The Jurong Town Council, a government agency tasked with formulating a blueprint for the site and in charge of the infrastructure work, says the final plans for the new Seletar Aerospace Park will be unveiled in "two to three months" - about six months later than expected. "We took some time as we are still getting feedback from the stakeholders," says the council.

But the construction of new roads and hangars and preparatory work for an extension of the runway and new taxiways has begun. The control tower at Seletar, Singapore's first international civil airport and later a military camp, could be relocated within the airport to make way for the facilities. This would boost the site's MRO capabilities - currently, Airbus A320s can take off from Seletar only if they are empty and their fuel tanks are half full.

Over 30 aerospace companies, which include business aviation firms and MRO operators, have their offices in Seletar's hangars and barracks. Some are temporarily moving to buildings elsewhere in the airport, as their premises will be demolished as part of the redevelopment, while others are quitting Seletar altogether. Tenants at colonial era-bungalows within the camp have also been told that they have to move by the end of 2008.

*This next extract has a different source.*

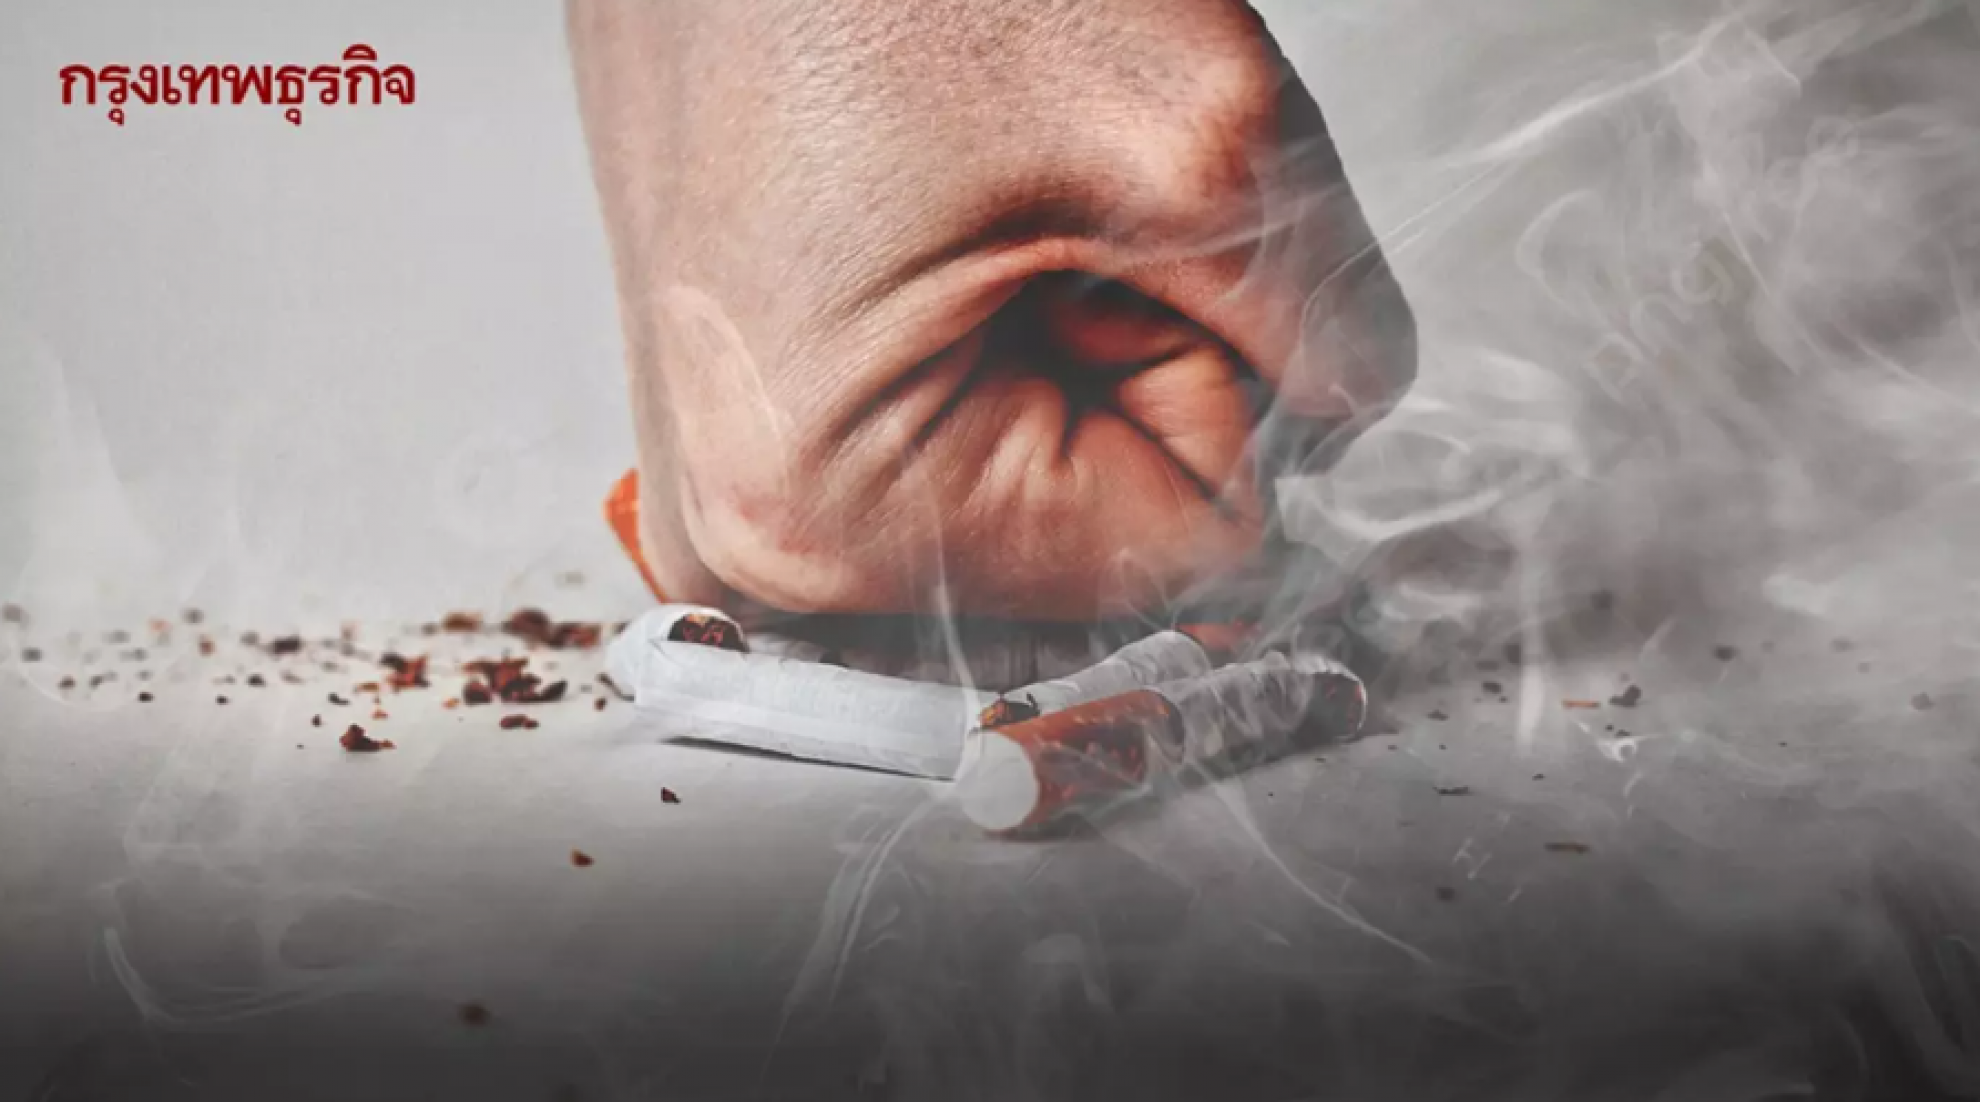 'บุหรี่' กับความท้าทายไทย ป้องกันเยาวชน ก้าวสู่ 'นักสูบหน้าใหม่'

Aviation schools are also on the cards, as Singapore tries to ride on the high demand for aerospace professionals. The Singapore Youth Flying Club, which trains young people for the private pilot's licence, and the Singapore Flying College, which provides ab initio training for future Singapore Airlines pilots, are currently located in Seletar.

The 140Ha (345 acre) Seletar Aerospace Park will open in phases over the next eight years, and one beneficiary of the S$60 million ($40 million) project is government-linked Singapore Technologies Aerospace (ST Aero), a subsidiary of publicly listed ST Engineering. The company, which bases its narrowbody MRO operations at Seletar, will open its third hangar at the site this week and is seeking approval for further expansion.